Wednesday, January 30, 2008

Disillusioned college student

Right now i'm staying up late to finish a homework assignment for upper division electrodynamics. I have to wake up in 5 hours but I see what this is all about. Instead of going to office hours I thought I could do this assignment myself and give it a go by myself, well that was a stupid idea. Instead I should have gone to office hours and wrote down the answers and then do the problems. Instead of being honest and virtuous, doing my homework myself and suffering through it, I should just focus on the grade. I mean that's what everybody does anyways. Fuck being an honest man, it's like you have to lie and deceive to get what you want from college. This of course doesn't apply if you're above average. I'm not the brighest lightbulb in the box, but I love to learn. But when it comes to school it's always about the GPA; GPA booster classes, GPA THIS GPA THAT. It's what people talk about when doing physics homework, but most importantly it shows the world what kind of people we are. This 3 digit number tells the world this guy/girl is this kind of person, an incredible genius or a complete fuck off. It definitely sucks because I fall into the fuck off category. It's not like I am fucking retarded, it's that I applied for a hard major wanting to learn physics. I mean it's magical learning how the world functions from a physical perspective. But being assigned questions that are harder than dried shit, and trying to do an assignment by myself backfiring on me makes me sad that I ever came to college. It has made me more cynical of the world, and of life in general. I'm too tired I'm getting my average 5 1/2 hours of sleep now.

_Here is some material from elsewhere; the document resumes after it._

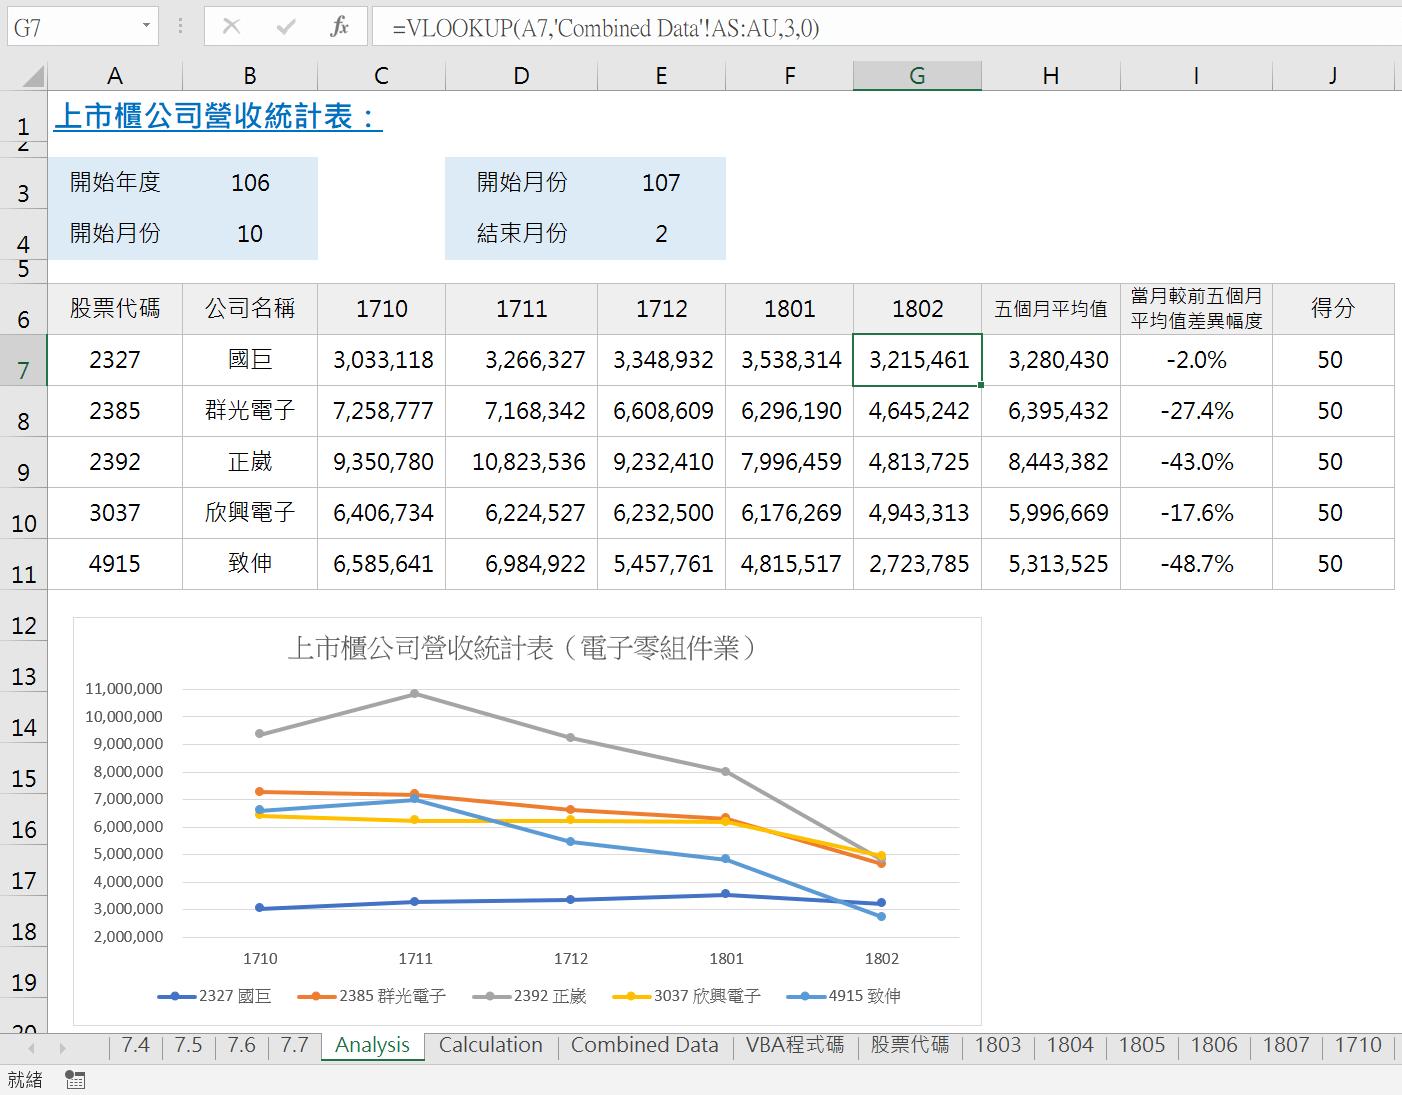 Excel VBA網路爬蟲,5家公司5個月份營業收入統計 VBA財務分析 第12張

I wanted to append to this angry tirade that in order to succeed in school you must do everything/ anything. It's all just a game, any time you can get an upper hand to better yourself then take it, unless doing so would jeopardize your chances of winning. Anyway that's the kind of mindset I have now ever since I realized it was all just some big game and I'm fighting with lots of people that have superior mental capabilities far greater than I could ever hope for.